Some further thoughts on the nature of bang, question, ref, and val.

The model outlined in my mail from yesterday accounted for the distinction between class and type, but left something important out: carriers.  Adding these into the mix, I think this clarifies why `.val` and `!` are different, and why `!` and `?` are not pure inverses.

The user declares _classes_, which includes identity and value classes.  Ignoring generics for the moment, we derive _types_ from classes.  Identity classes give rise to a single principal type (whose name is the written the same as the class, but let's call this `C.ref` for clarity); value classes give rise to two principal types, `C.ref` and `C.val`.

So `val` and `ref` are functions from Class to Type (val is partial):

    val :: ValueClass -> Type
    ref :: Class -> Type

What's missing is Carrier.  Ignoring the legacy primitive carriers (I, J, F, D), we have two carriers, L and Q.  Every type has a carrier.  For the "ref" types, the carrier is L; for the "val" types, the carrier is Q:

    carrier ref T = L
    carrier val T = Q

Now, bang and question.  These are operators on types.  Bang restricts the value set; question (potentially) augments the value set to include null.  Question is best describe as yielding a union type: `T? === T|Null`.  (Note that for all reference types T, T|Null == T, because Null <: T.)

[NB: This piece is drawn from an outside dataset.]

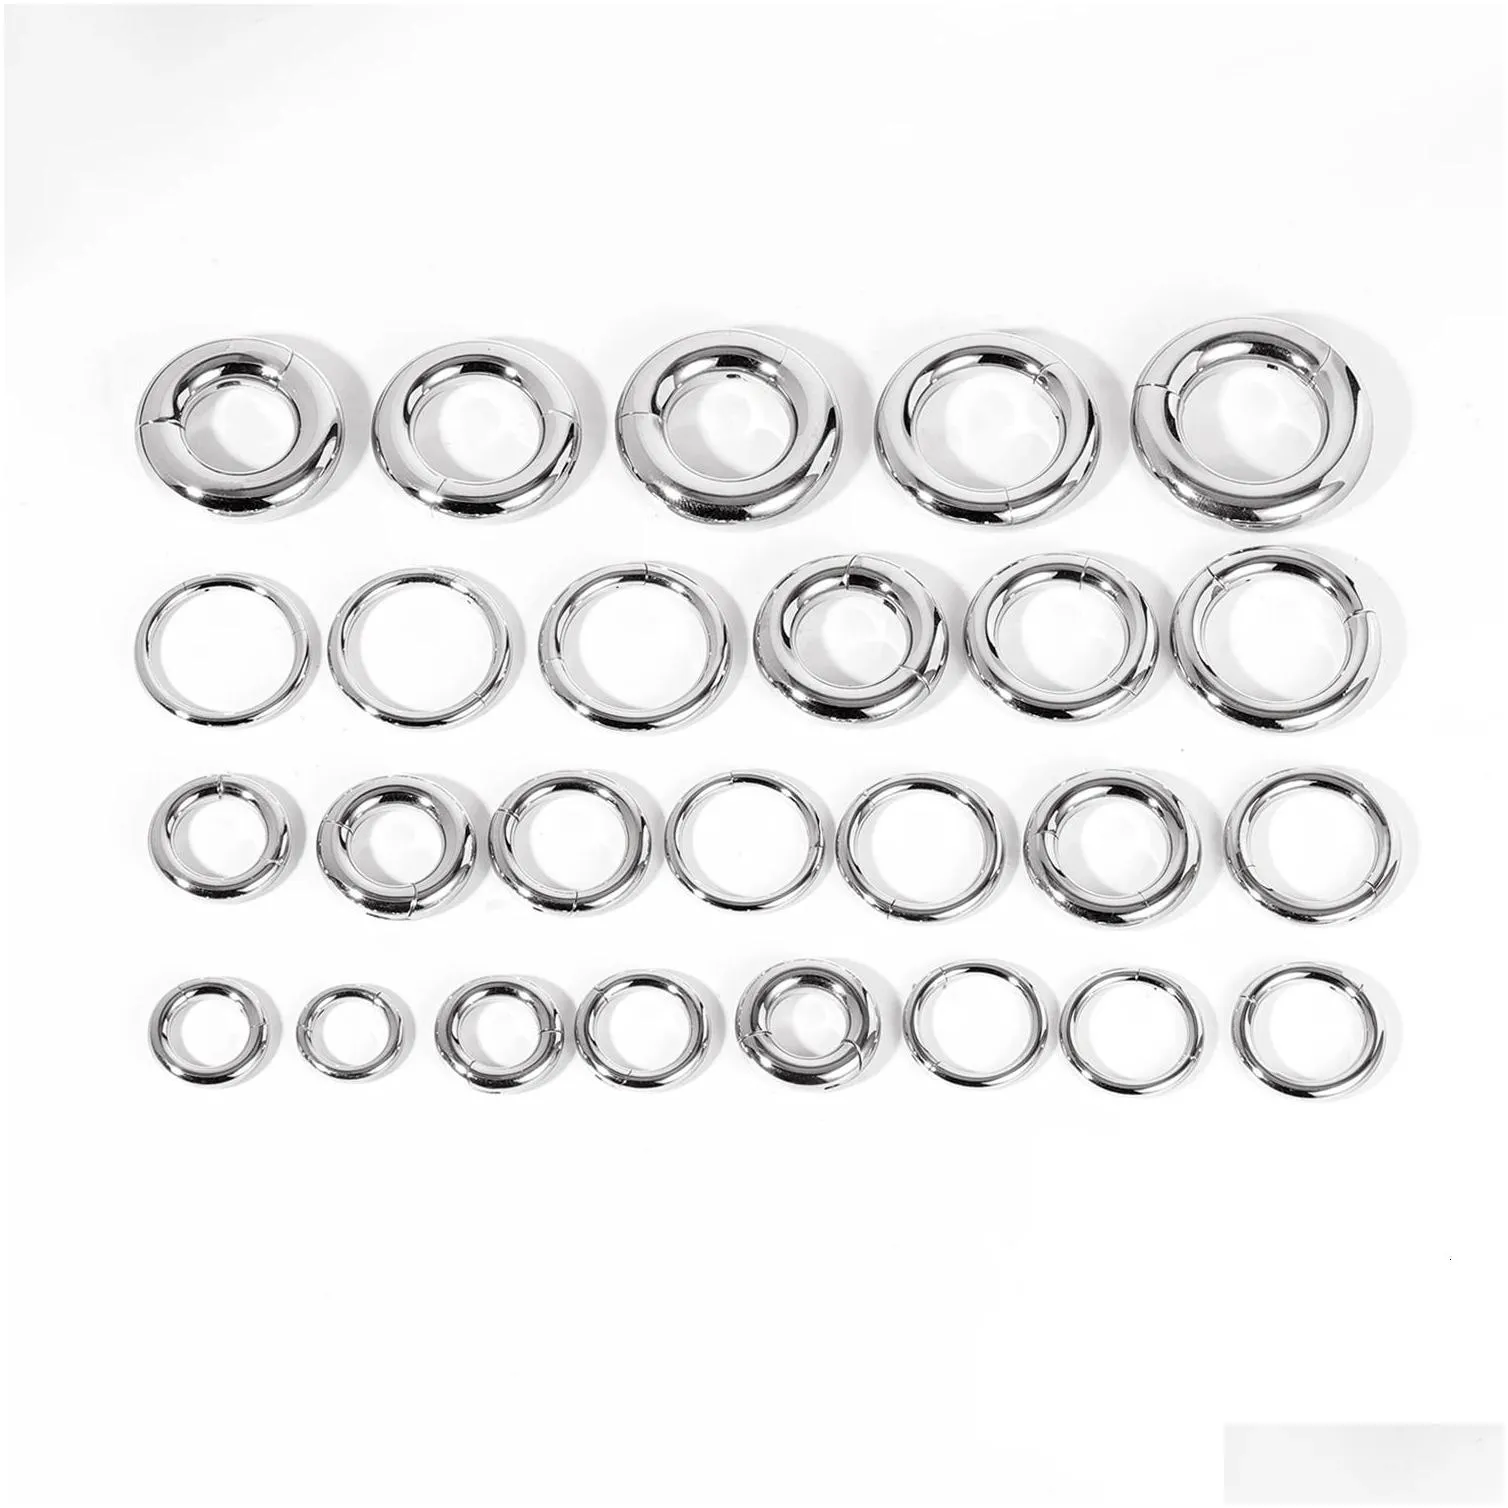 Nose Rings & Studs Zs 1Pc Large Size Hoop Earring 316L Stainless Steel Ear Gauges Plugs Punk Septum 24681012G Bcr Body Piercings 2401 Dh1N7

What are the carriers for bang and question types?  We define the carrier on union types by taking the stronger of the two carriers:

    carrier T|U = max (carrier T) (carrier U)

which means that

    carrier question T = L

since we need an L carrier to represent null.  But for "bang", we can preserve the carrier, since we're representing fewer values:

    carrier bang T = carrier T

(Why wouldn't we downgrade the carrier of `Point!` to Q? Because the carrier means more than nullity; it affects atomicity, layout, initialization strategy, etc.)

What this means is that `question` is always information-losing, and that:

    carrier bang question T = L
    carrier question bang T = L

So, the ugly fact here is that "bang" and "question" are not inverses; `T!?` is not always T, nor is `T?!`.

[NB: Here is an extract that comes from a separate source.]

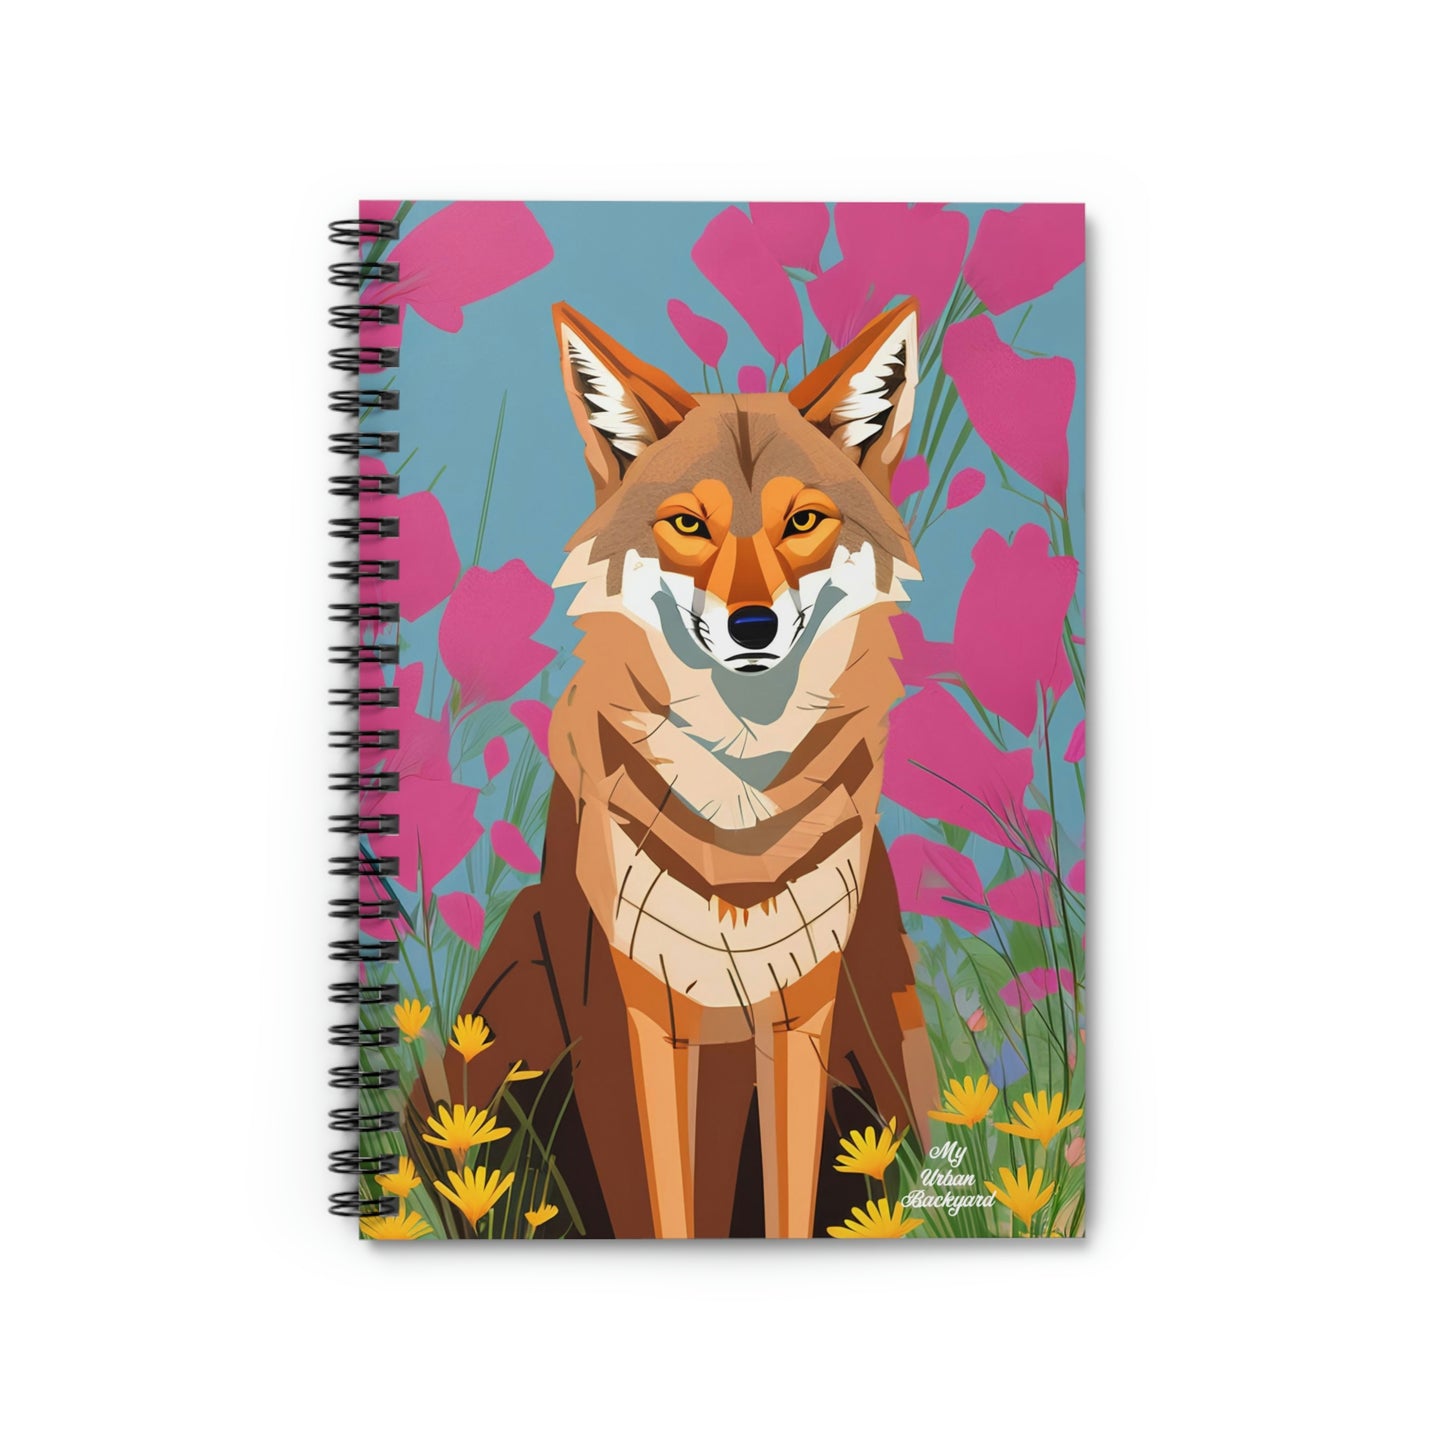 Coyote and Pink Flowers, Spiral Notebook Journal - Write in Style

But what I want to know is this: how do we want to denote "T or null", when T is a type variable?  This turns out to be the only place we currently have to utter `.ref`.  And uttering `.ref` here feels like asking the user to do the language's job; what the user wants is to describe the union type "T|Null".  (Since the only sensible representation for this is a reference type, the language will translate it as such anyway, but that's the language's job.)

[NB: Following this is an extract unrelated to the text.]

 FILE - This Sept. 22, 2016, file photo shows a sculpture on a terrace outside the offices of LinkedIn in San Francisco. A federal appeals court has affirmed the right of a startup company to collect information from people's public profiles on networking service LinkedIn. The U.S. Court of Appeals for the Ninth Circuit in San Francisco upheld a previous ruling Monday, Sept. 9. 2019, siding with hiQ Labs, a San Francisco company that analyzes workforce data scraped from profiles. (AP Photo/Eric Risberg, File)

This is related to how we ask people to describe "nullable int".  There are three choices: `int?`, `int.ref`, and `Integer`.  I would argue that the first is closest to what the user wants: a statement about value sets.  `int.ref` brings in carriers, which is unrelated to what the user really wants here; `Integer` is even worse because the relationship between int and Integer is ad-hoc.  Of course, they will all translate the same way (the L carrier), but that's the compiler's job.

For the only remaining use of `.ref` (returning V.ref from Map::get and friends), I think we want the same; Map::get wants to return "V or null".  Again, ref-ness is a dependent thing, not the essence; the essence is "T|Null".  (Also there's a connection with type patterns, where we may want to expand a null-rejecting type pattern to a null-including one.)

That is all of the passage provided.